Friday 5 August 2016

Japan stimulates economy - again.

Japan has announced another huge fiscal stimulus package to try and boost growth in the economy. Japan has tried a succession of such measures in recent years, but the Japanese economy continues to perform poorly.

The latest package has been described as an 'old fashioned short term stimulus, based on public works.' What we might call a Keynesian stimulus package. The Aggregate Demand and Supply diagram shows the hoped for effect of the measure.

The  brief details of the stimulus package are that the government will spend an additional US$275billion mainly over two financial years. This will boost Aggregate Demand (AD) by raising government spending (G), a component of Aggregate Demand. The government budget deficit will rise as a result. While there will be significant infrastructure spending in the package there is also going to be cash handouts to low income families.

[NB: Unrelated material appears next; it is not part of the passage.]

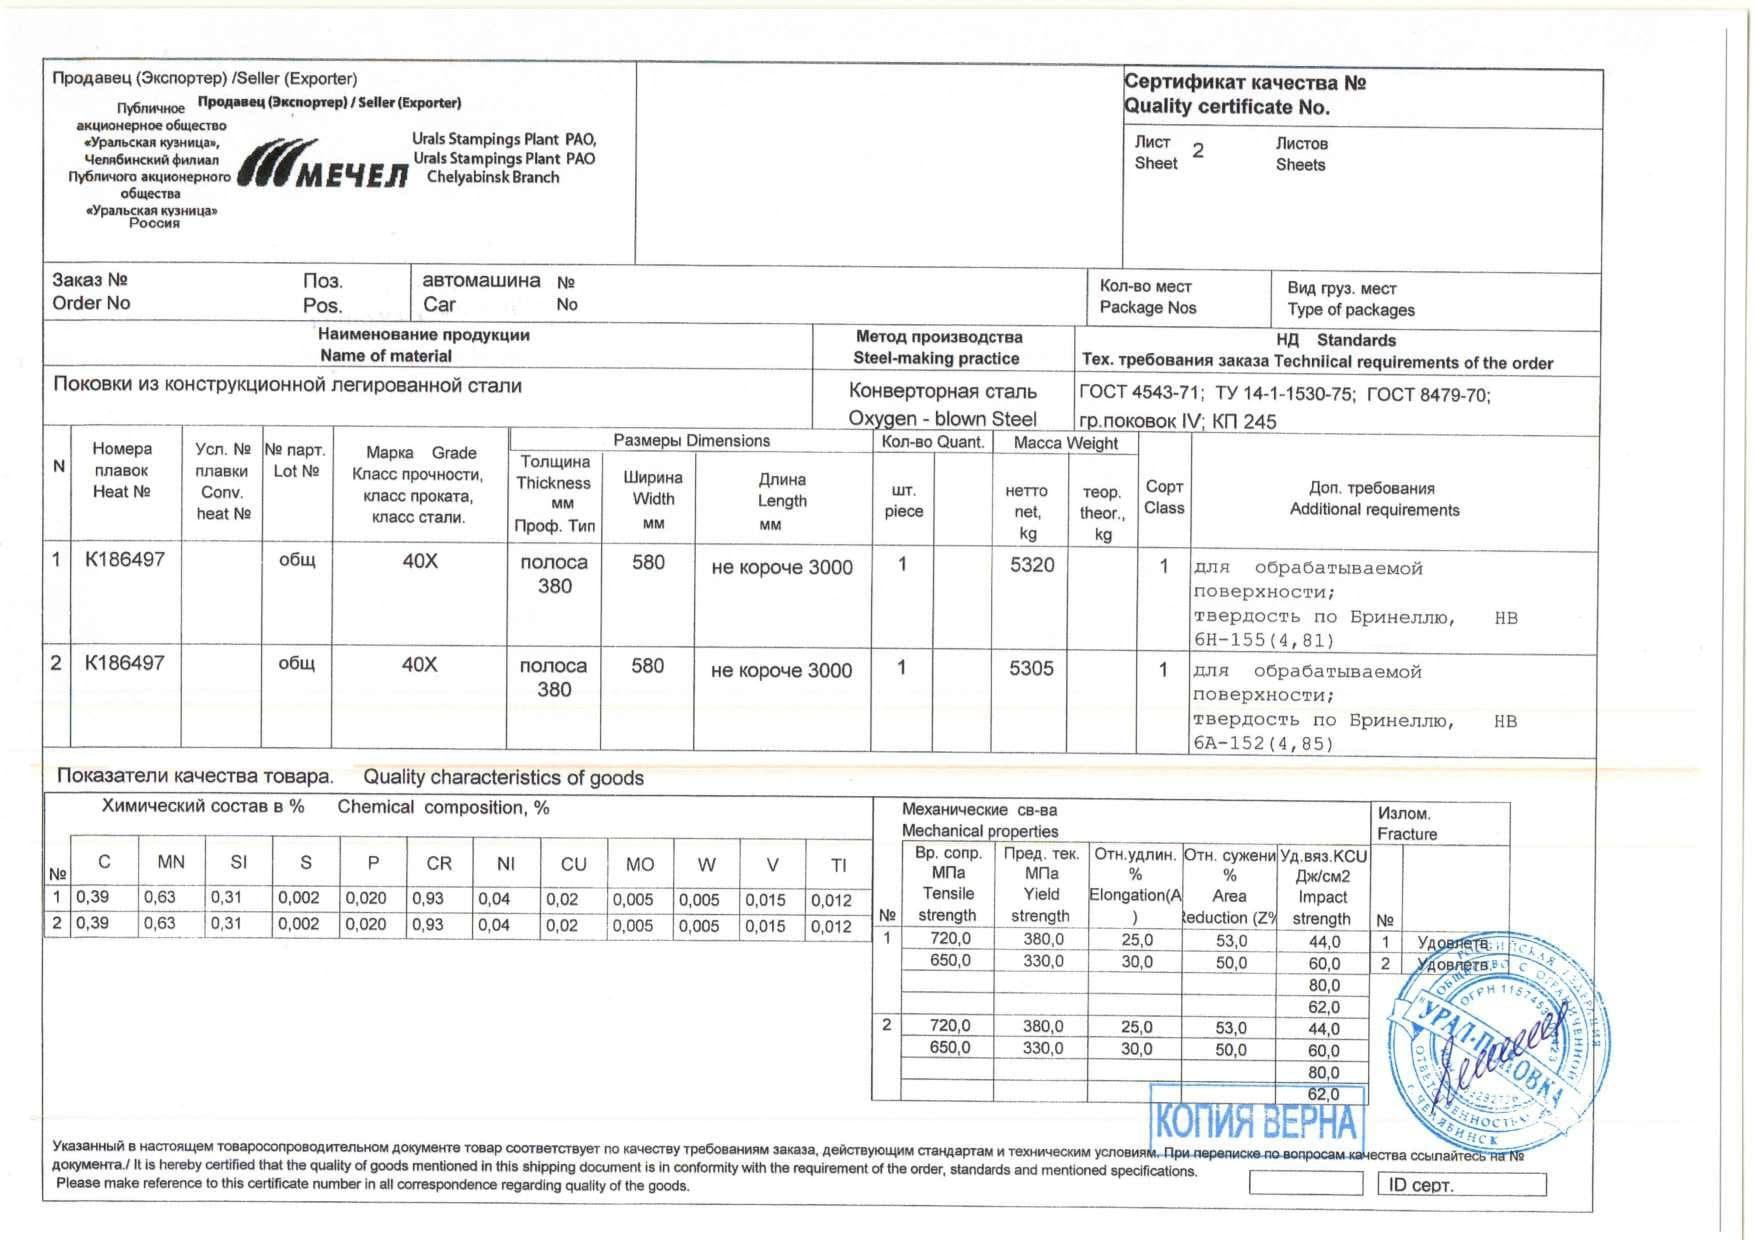 Сертификат поковка 40х
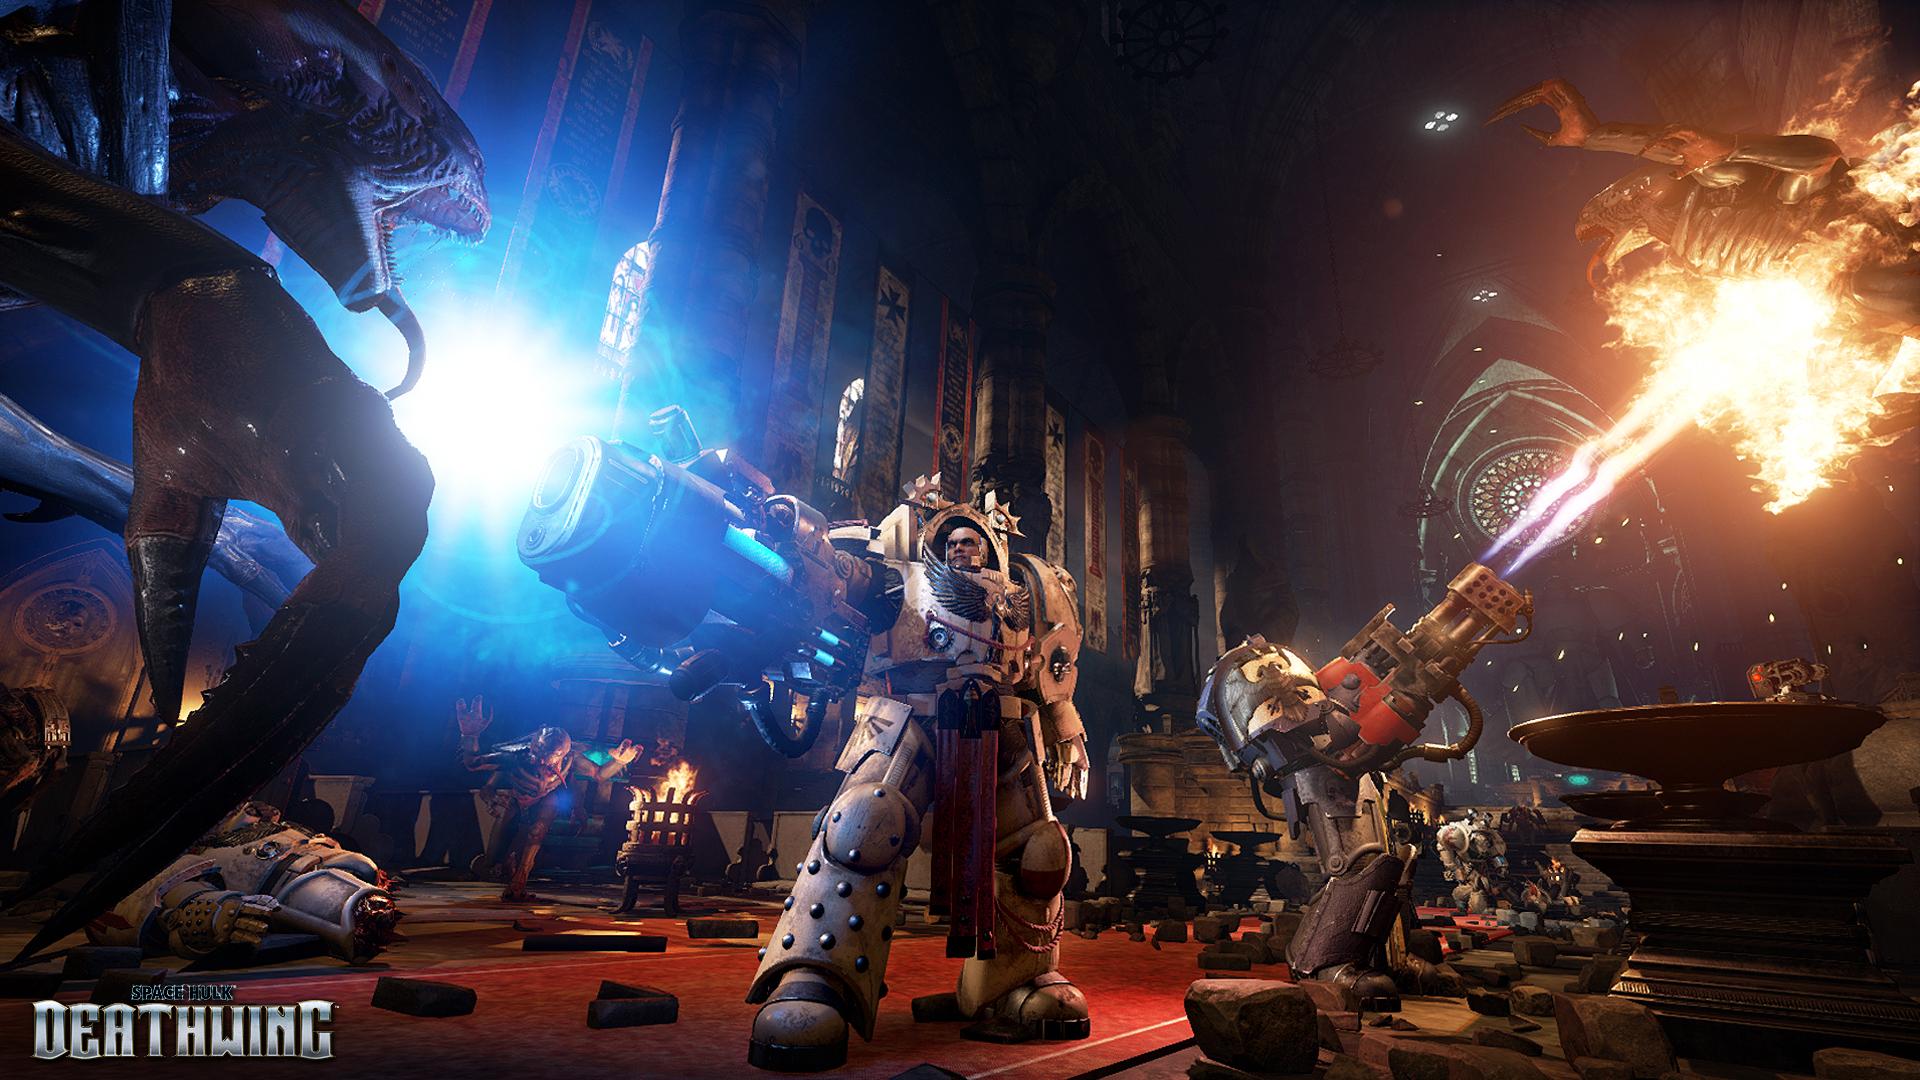 Obrázky ze Space Hulk: Deathwing a Battlefleet Gothic: Armada 109770

The main aim of the package is to boost Consumption spending, the largest component of AD, which has been very slow to grow in Japan for many years. The overall effects are also expected to be short term only, a temporary boost to AD, partly to overcome any impact of the British Brexit vote on the world economy. 

The real question is will it work? This is the second fiscal stimulus package of the year in Japan and part of the 'Abenomics' approach of Japan's Prime Minister that aims to boost economy (a link explaining Abenomics is given below).

The stimulus is being made along with the supporting policies of expansionary monetary policy and deregulation and will shift the AD curve to the right. In the diagram above this shows a very successful expansionary fiscal policy that leads to non-inflationary growth (Real output rises from 0Y1 to 0Y2 with no rise in the price level.) 

However the diagram shows a simple Keynesian model. There might be crowding out, which reduces the impact of the stimulus, or if the monetarist/new-classical model holds the rise in demand will only lead to a short term output and employment boost and then inflation.



This article is most useful to IB students. It provides and excellent example of expansionary fiscal (budgetary) policy and raises the questions of effectiveness and the nature of mutually supporting macroeconomic policies. VCE students can certainly follow the logic of the policy and apply it to Australia's situation.